Failing to file a gift tax return is a common mistake that fouls up many Estate Planning strategies. The gift tax return rules are not what most people think, and that leads to many mistakes and penalties, which could derail your estate planning.
A gift tax return (Form 709) might be due even if no gift taxes are owed. Gifts are tax free up to $11,000 per recipient. Gifts above that amount also are tax free if your lifetime estate and gift tax credit isn’t exhausted. You still must file the return to report gifts over $11,000. The IRS wants a record of how much of the lifetime credit is used.
Married couples can give a “split gift” of up to $22,000 tax free to a recipient. But a return must be filed by each spouse, because each spouse must consent on the other spouse’s return to the split gift. When making cash gifts, the return requirement is avoided if each spouse writes a separate check and no gifts are above $11,000.
A gift worth less than $11,000 also might have to be reported. To be tax free, a gift must be of a “present interest.” Gifts to trusts or that have restrictions might not be of present interests, making them taxable. That means a return is due, no matter how small the gift. Check with a tax accountant and a estate planning advisor if in doubt.
Gifts to minors aren’t reportable if the children are minors and the gifts are for legal support obligations of the donor. Support obligations of parents include housing, food, clothing, and medical care. Items that aren’t legally required support or those that are paid after the child reaches majority are considered gifts subject to tax.

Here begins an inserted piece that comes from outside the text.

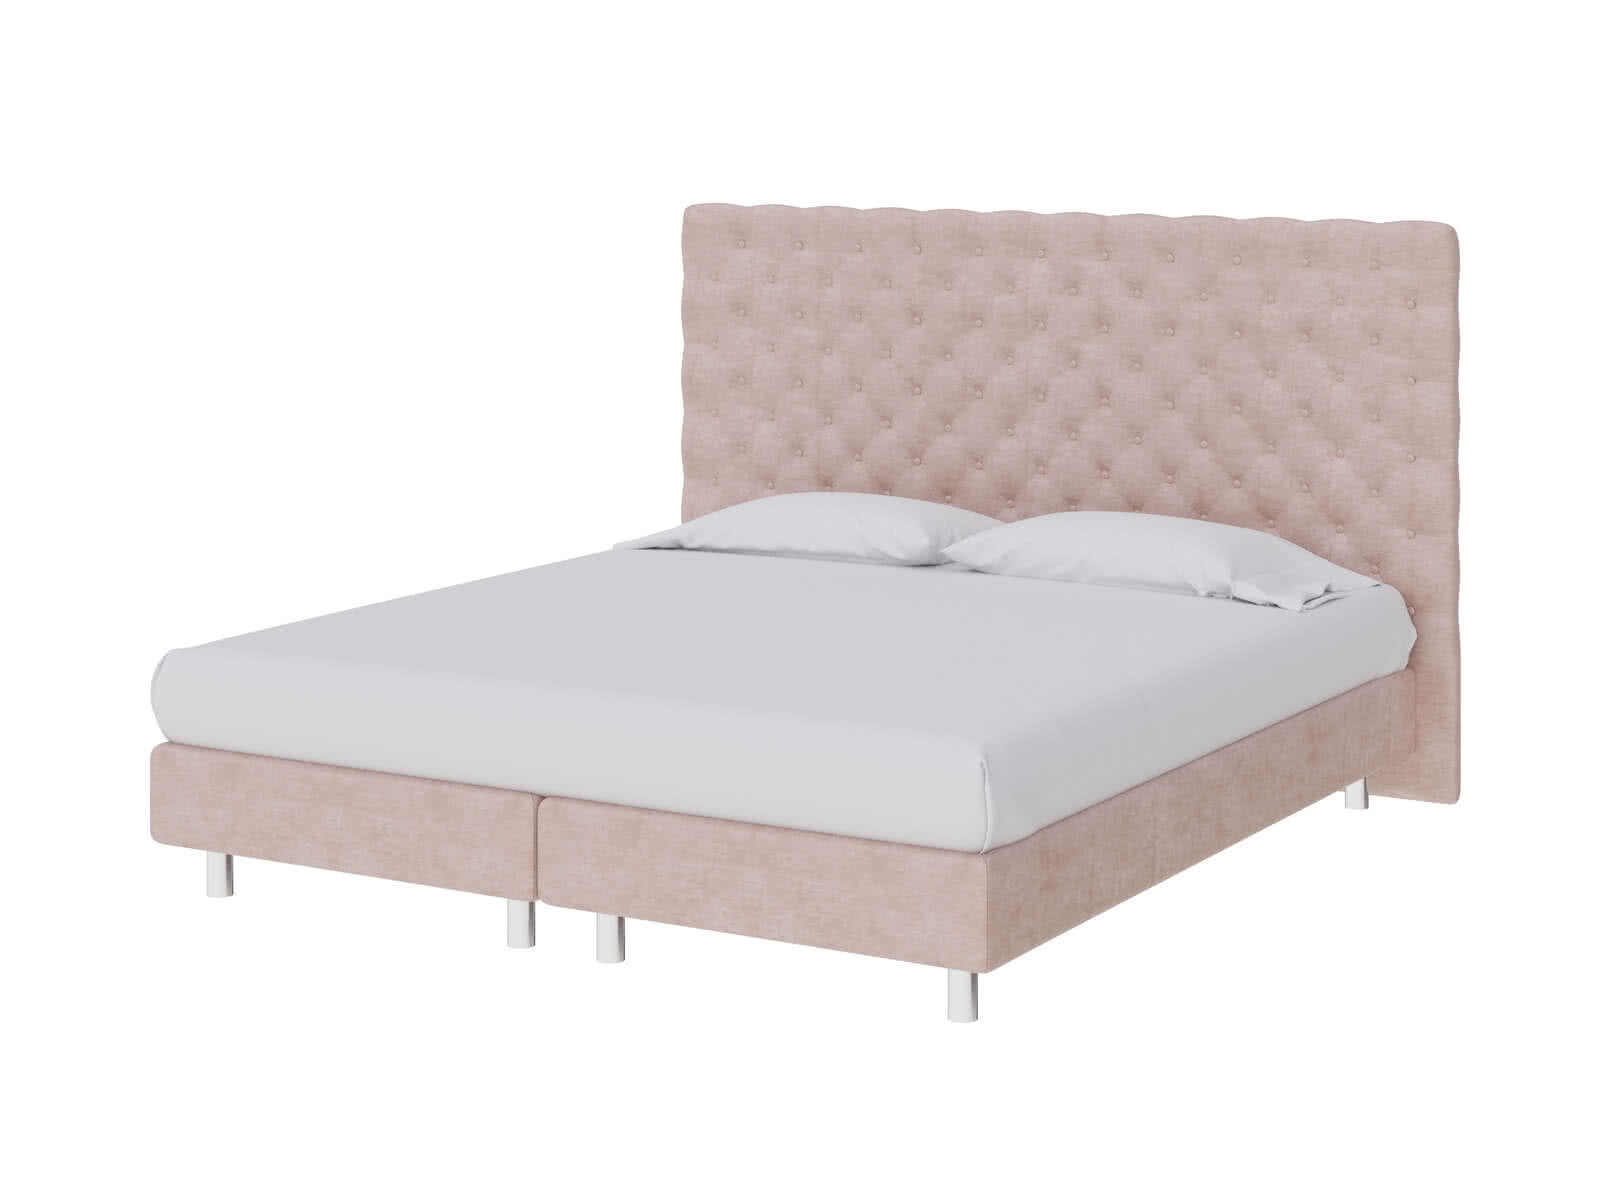 Кровать ProSon Europe Paris Elite 200 х 200 см Лофти Тауп от производителя — цены фабрики, доставка

Filing a gift tax return is the only way to start the statute of limitations running. With a gift of property, the IRS could challenge the value you placed on the property. If you file a return, the IRS has six years to challenge the value if it believes you understated the value by 25% or more. Otherwise is has three years. If no gift tax return is filed, there is no statute of limitations. The gift’s value can be challenged even after your death. It is especially important to get the statute of limitations running when the gift is part of a family limited partnership, a trust, or hard to value property. The IRS loves to challenge the valuations placed on those gifts.
Once a gift tax return is filed, keep a copy for life. The information on the returns can affect the estate tax. If the gift tax returns aren’t available, your heirs could end up paying the taxes a second time.